Я склонил к ней свое лицо. Но она не шевельнулась и так и стояла, слегка откинувшись в талии назад, и это она сказала теперь: «Нет». И я обвил ее руками. Тогда она приникла ко мне, обмякла, как это могут делать и делают женщины, мне на плечи легли ее руки, в чьих кистях и локтях достаточно силы, чтобы править лошадьми, и кистями этих рук притягивала к себе мое лицо, пока в этом не отпала всякая необходимость: я подумал тогда о том, что такое тридцатилетняя женщина, символ древнего, извечного Змия, и о тех мужчинах, которые описали ее, и я постиг тогда, какая непреодолимая бездна лежит между жизнью и словом: что тот, кто может, действует, а тот, кто не может и достаточно сильно страдает от того, что не может, пишет об этом.
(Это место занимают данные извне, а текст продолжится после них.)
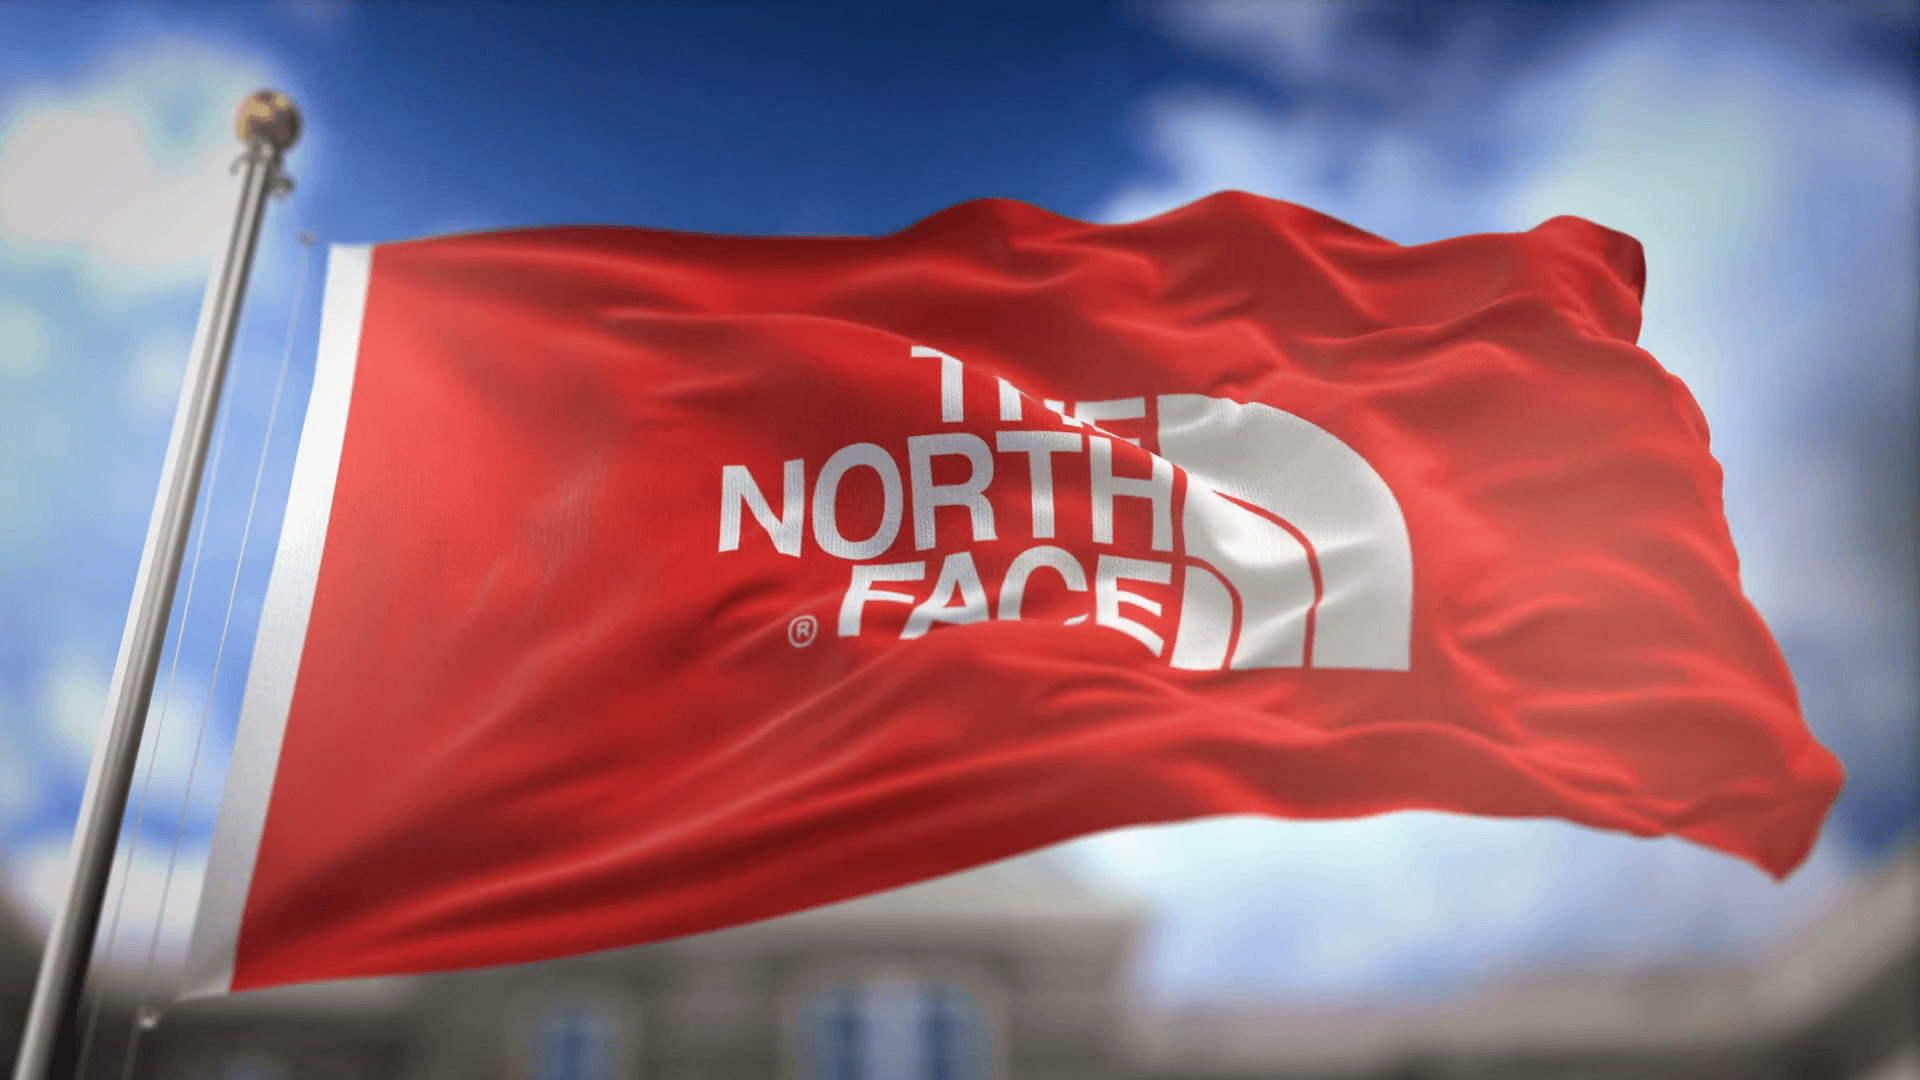 The North Face Red Flag Waving Slow Motion 3D Rendering Blue Sky

И тогда я освободился — снова мог видеть ее, увидел, что она все еще смотрит на меня тем самым темным, непроницаемым взглядом, смотрит на меня исподлобья; следил, как поднялись ее руки, чуть не в точности повторив то движение, каким она обвила мои плечи, будто она повторяла пустой, формальный жест всякого обещания, чтобы я никогда не забыл его, — эти углы локтей, выставленные вперед, когда она прикоснулась руками к веточкам вербены в волосах; я стоял, глядя на эту слегка склоненную головку, на короткие, обкромсанные волосы, на неподатливые, странно церемонные углы обнаженных локтей, которые слегка отсвечивали в угасавшем свете, когда она отцепила от волос веточку вербены и вдела ее мне в петлицу; я думал о том, как война попыталась превратить всех южанок ее поколения и класса в один-единственный тип — и как это не вышло; в их глазах — одно и то же страдание, одинаковость пережитого (она и тетя Дженни пережили почти что одно и то же, только тетя Дженни успела провести со своим мужем несколько ночей перед тем, как его привезли домой на фуре для снарядов, а Гэвин Брекбридж был всего лишь женихом Друсиллы), однако за ним стояла несокрушимая женская индивидуальность — не то что у бессчетного множества мужчин, которые вернутся с войны и живут на государственный кошт, точно скопище кастрированных быков, утратив все, кроме одинаковости пережитого, которого они не могут и не смеют забыть, иначе в тот миг прекратится само их существование, чуть ли не взаимозаменимые, за исключением старой привычки откликаться на определенное имя.

— Теперь я должен сказать Отцу, — сказал я.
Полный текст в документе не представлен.